A obra ainda é coroada pela trilha sonora de Hans Zimmer, que já emplacou uma série de grandes obras musicais em ótimos filmes, como Interstellar, Gladiador, e muitos outros. O músico, desta vez, nos presenteia novamente com suas trilhas que destacam e ampliam muito bem o sentimento evocado pelas cenas, com músicas sutis e intensas, sempre quando necessário. Além disso, as sinfonias servem muito bem à temática, visto que tiram, assim como a obra original (e o filme por consequência), inspiração das culturas do Oriente Médio.
Por último, mas não menos importante, os efeitos especiais são de cair o queixo. Um dos grandes defeitos de muitos CGIs (inclusive os milionários dos blockbusters) é a falta de cuidado com a iluminação. Quando os personagens em cena são iluminados de uma maneira estranha aos olhos em relação ao fundo cheio de explosões, a cena pode parecer artificial. E não é uma questão de capacidade dos estúdios, mas a crença de que o público não liga e não percebe, o que faz que esse seja um investimento superficial, para os investidores. Esse é um dos grandes desafios da computação gráfica nas telonas. Nesse quesito, e em outros relacionados a efeitos especiais, Duna mais uma vez nos surpreende com sua qualidade.
Por esses e outros motivos Duna de 2021 merece ser assistido múltiplas vezes.
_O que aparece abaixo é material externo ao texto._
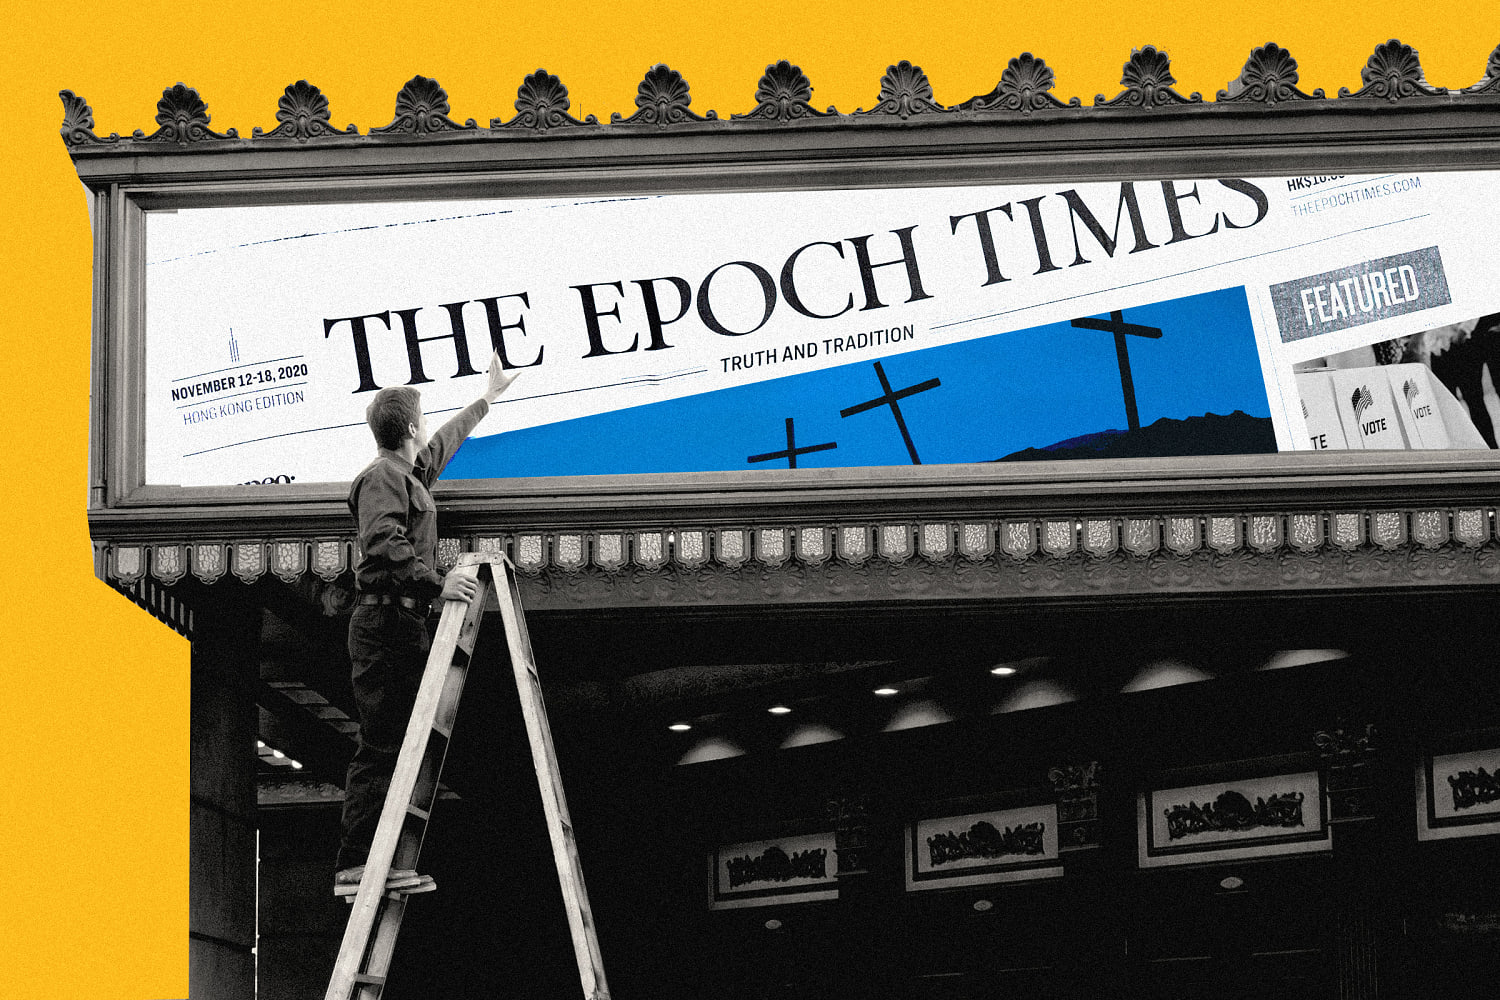 Epoch Times, the conspiratorial pro-Trump outlet, enters a new market: faith-based movies

Um filme sensacional para quem é fã do livro ou até mesmo do diretor. Uma produção refrescante para quem se decepcionou com o primeiro filme, e ainda uma ótima maneira para se gastar algumas horas, se o espectador quiser apenas o entretenimento de um filme casual. Resta agora ficar na espera da segunda parte, programada para iniciar sua produção em 2022 e chegar às telonas em outubro de 2023, e nos certificarmos se toda a nova franquia vai ter o mérito da boa adaptação ou vai acompanhar, ao hall dos infames, os desastres de franquias como Divergente e Os Instrumentos Mortais.